Priests’ convocation a time for prayer, study, fraternity

By Archbishop Gregory M. Aymond, Clarion Herald Commentary

Our annual, three-day Priests’ Convocation last week was a wonderful opportunity for us as priests to pray together, build our bonds of fraternity and participate in continuing education and formation. The participation was great – 213 priests attended – and I have no doubt that we in the Archdiocese of New Orleans are truly blessed with an excellent spirit of fraternity.

To continue building those bonds of fraternity takes effort. All of us, as brother priests, need to be open to listen to each other and to the Holy Spirit as we gather for prayer, study and fellowship.

We chose as the theme for the convocation “Priestly Wellness,” which is a fancy way of saying that we priests, as the spiritual leaders of a parish or a specialized ministry, need to care for ourselves in body, mind and spirit in order to lead God’s people effectively.

Everyone knows that with the increasing demands on priests, striking that necessary balance regarding body, mind and spirit sometimes can be challenging.

Representatives of the St. John Vianney Center in Pennsylvania, which specializes in ministering to priests and religious, delved into many practical topics. How can priests be better listeners and leaders? How can we be resilient when the demands of ministry sap our physical, emotional and spiritual strength? How can we build relationships with parishioners that cultivate the strengths of the laity and help them live out their baptismal role as Christians? I also know that simply being with each other – sharing our successes and challenges – is a way of growing as a priest.

I want the priests with whom I serve to know that I agree with what St. Augustine said many centuries ago: “With you, I am a disciple and a priest. For you, I am a bishop.” It is a privilege for me to serve the priests ministering to the people of God in the Archdiocese of New Orleans.   

In my opening address to the priests, I offered updates on six initiatives that we will be pursuing over the coming year.

1. We want to encourage parents to recognize their roles as the primary educators of their children in the Catholic faith. Some parents know they are, indeed, the primary educators and formators of their children, but some parents do not. Some parents drop off their children at religious education classes and go home or don’t even encourage their children to go the classes. We will convene school principals and parish directors of religious education to discuss ways to help parents fulfill these important vocational responsibilities.

2. We want to work to bring more youth and young adults into the active practice of their Catholic faith.

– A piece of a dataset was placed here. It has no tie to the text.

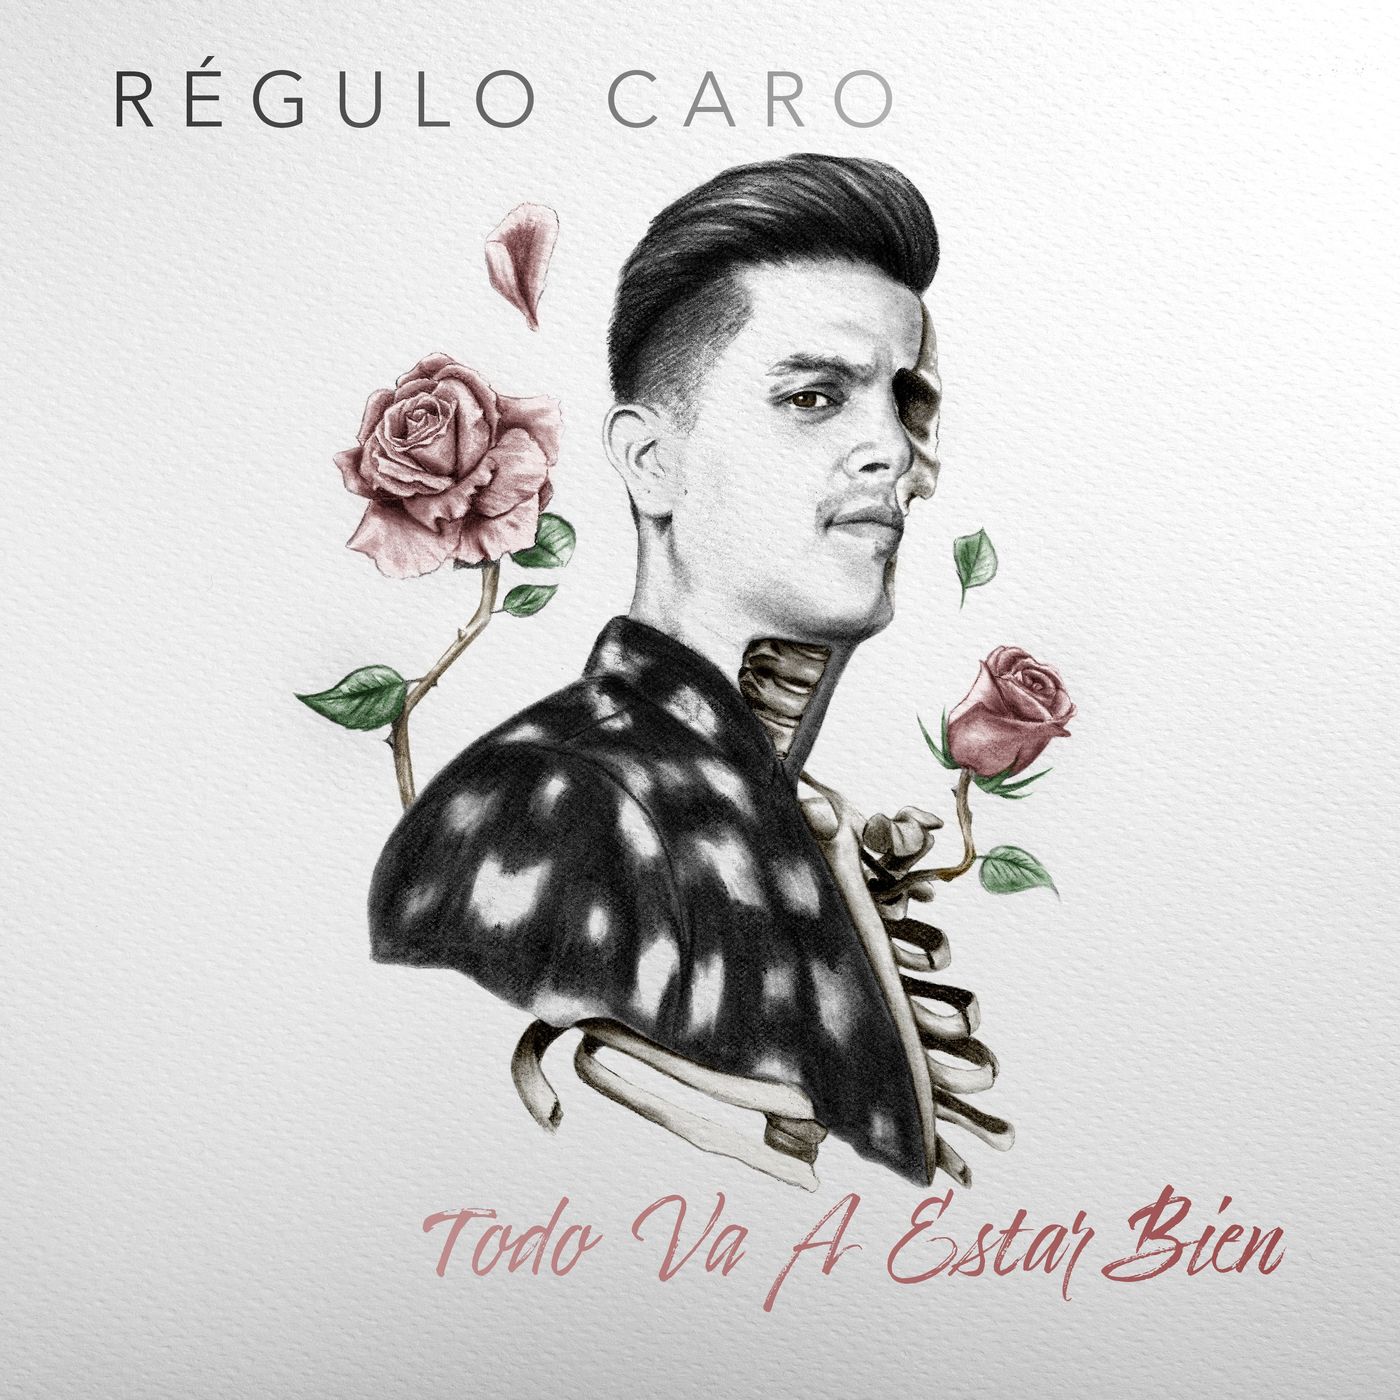 Regulo Caro – Todo Va A Estar Bien (Álbum 2020)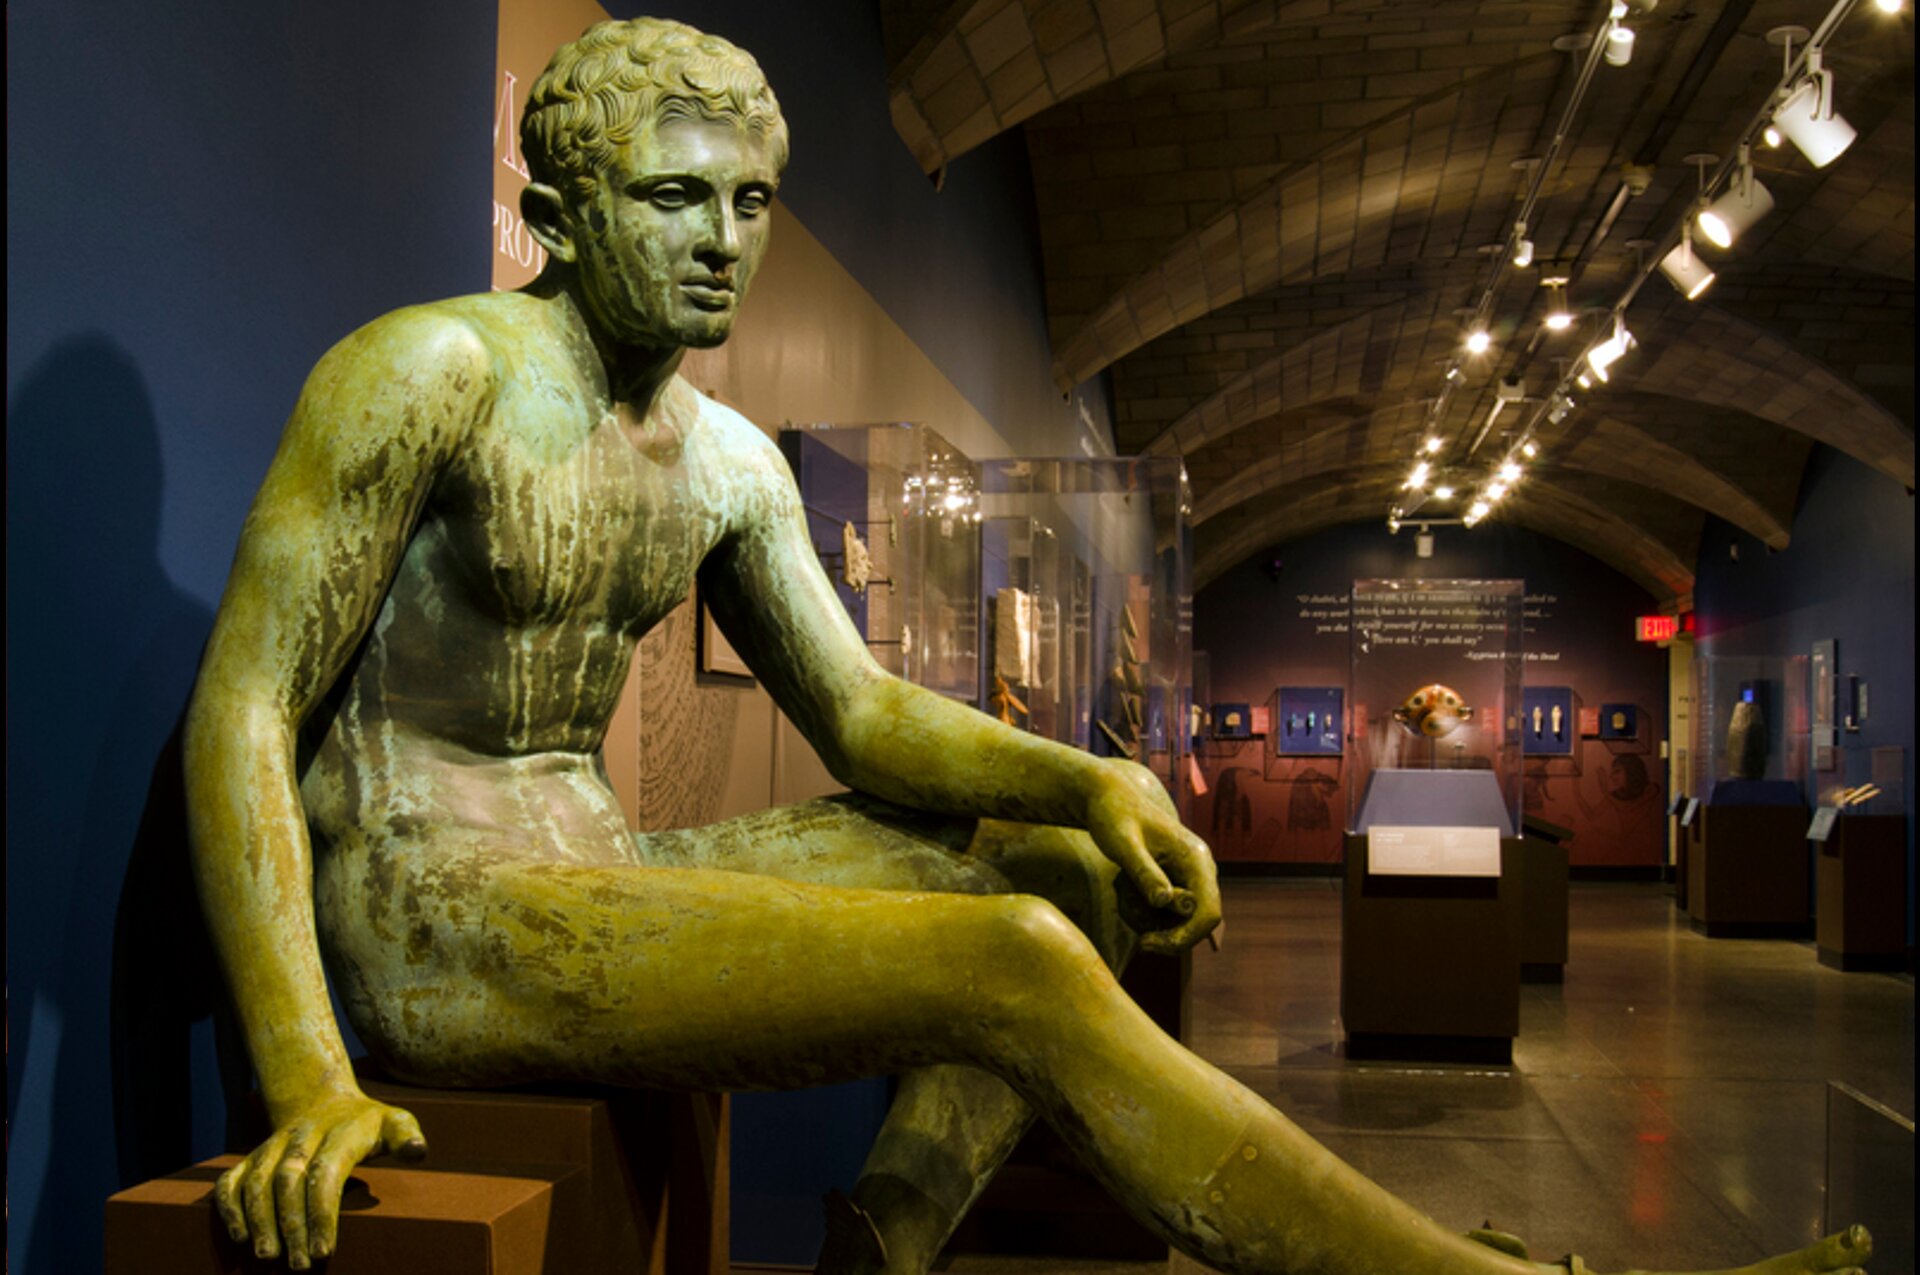 Zdjęcie przedstawia rzeźbę nagiego, młodego mężczyzny. Mężczyzna siedzi na postumencie. Rzeźba znajduje się w muzeum, w tle są eksponaty w szklanych gablotach.

We are planning meetings for youth and young adults across the archdiocese. I am asking our youth who are active in practicing their faith to invite to those meetings some friends who are inactive in the church. Maybe their friends have stopped practicing the faith because of a hurt, a misunderstanding or simply because they don’t get much out of going to church. We particularly want to hear from them. I want to ask them two questions: For those of you who stay, why do you stay? For those of you who have left, why did you leave?

3. We want to establish a dialogue between parish leaders and campus ministers in schools to see how they can strengthen the relationships of students to both the parish and the school. What can parish youth ministers do to help the youth be more active in their schools, and what can schools do to help young people be more active in their parishes?

4. We want to address the recent survey that claims that fewer than 50% of Catholics understand the Real Presence of Christ in the Eucharist. We are looking for ideas from the Office of Catholic Schools, the Office of Religious Education and the Office of Evangelization to address these concerns.

5. We want to encourage each parish to promote a major men’s conference, which will be held March 7, 2020, from 9 a.m. to 3 p.m. The conference will include a major national speaker. The Diocese of Baton Rouge gathers about 1,200 men for its annual men’s conference. I’m not saying we have to beat 1,200 – but I’d like to get as many men to attend as possible!

6. We also are reminding pastors that the particular law for the archdiocese regarding the sacrament of confirmation has gone into effect and will allow us to prepare students for confirmation and to celebrate that sacrament with even greater reverence.

I deeply appreciate the prayerful support of our convocation by the people of the archdiocese. I believe our priests left the gathering with an uplifted spirit. Please let your priest know this week how much you appreciate him and his ministry. Those words of encouragement and support mean more than you could ever know.